One to Watch

Christy Powers

Christy Powers was born in New York, and received a BA from Sarah Lawrence College and an MA with distinction from the College of Fine Arts at the University of New South Wales (2007). She works with ink, gouache, and watercolors, and her main subject matter includes girls, social media, and youth culture.

The out-of-focus quality of her artworks metaphorically signifies the effects of fading memories. She has exhibited extensively nationally and internationally, including at the Bronx Museum, the Queen Victoria Museum, the Art Gallery of New South Wales, White Box, MadArts Gallery, and Giacobetti Paul Gallery. She has participated in residencies at ILIRI in the Australian Outback, and at the AIM program at the Bronx Museum.

 What are the major themes you pursue in your work?
I have always been interested in the role that photography plays in how we construct our memories and how that is changing with social media. There has always been an element of fiction in our memories. But with the contemporary need to create an online identity, how is that construction going to affect the way we remember things? These online images are so ephemeral and impermanent, and I enjoy capturing that in my paintings. By painting these images, I’m able to capture that ‘just-out-of-reach’ feeling of memories, where some details remain sharp, yet others blur and disappear.

 What was the best advice given to you as an artist?
In college I had a professor tell me that my rag was just as important of a tool as my brushes, and that I will probably use them both equally. What we remove is just as important as the marks we make. That has always stuck with me.

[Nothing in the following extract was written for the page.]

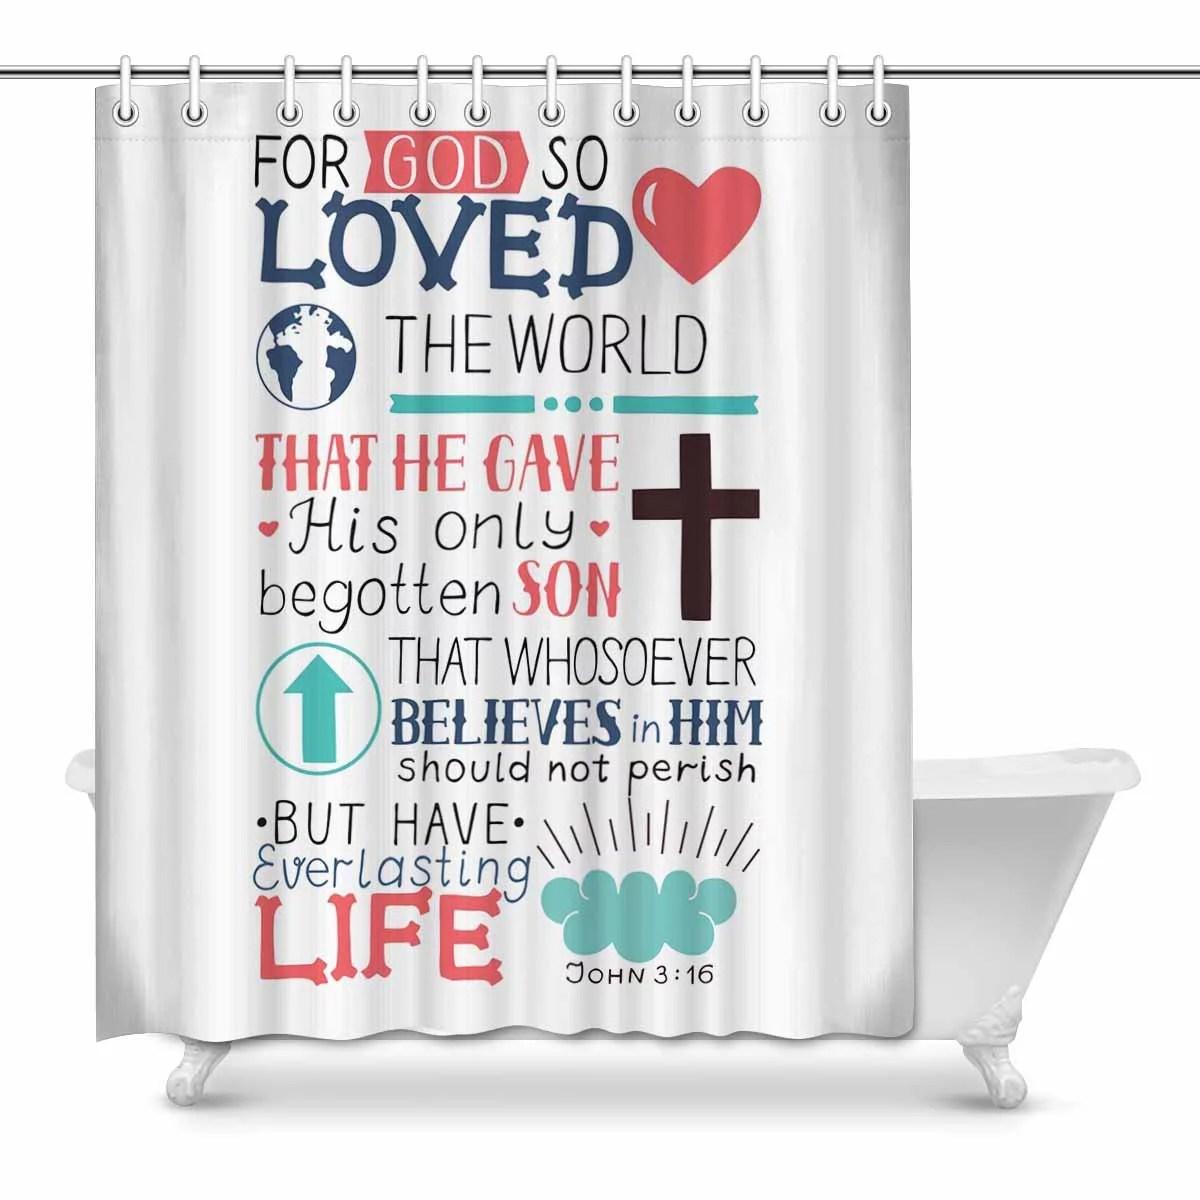 Mkhert Christian Bible Verse John 3 16 For So Loved The World Decor Waterproof Polyester Bathroom Shower Curtain Bath Decorations 60x72 Inch

Prefer to work with music or in silence?
Music always. I get pretty obsessive listening to one album for a piece or even a series of work. There was definitely an entire year where all I listened to was Radiohead’s In Rainbows while I worked, much to the chagrin of people in nearby studios. Since then, I’ve started to wear headphones.

If you could only have one piece of art in your life, what would it be?
It’s hard to choose just one, but I guess I’ll go with one of the first paintings that really knocked the wind out of me,  Caspar David Friedrich’s Monk by the Sea.  

Who are your favorite writers?
This list could go on and would probably be different everyday: Susan Sontag, Chimamanda Ngozi Adiche, Joan Didion, Denis Johnson, Gabriel Garcia Marquez, and Douglas Coupland.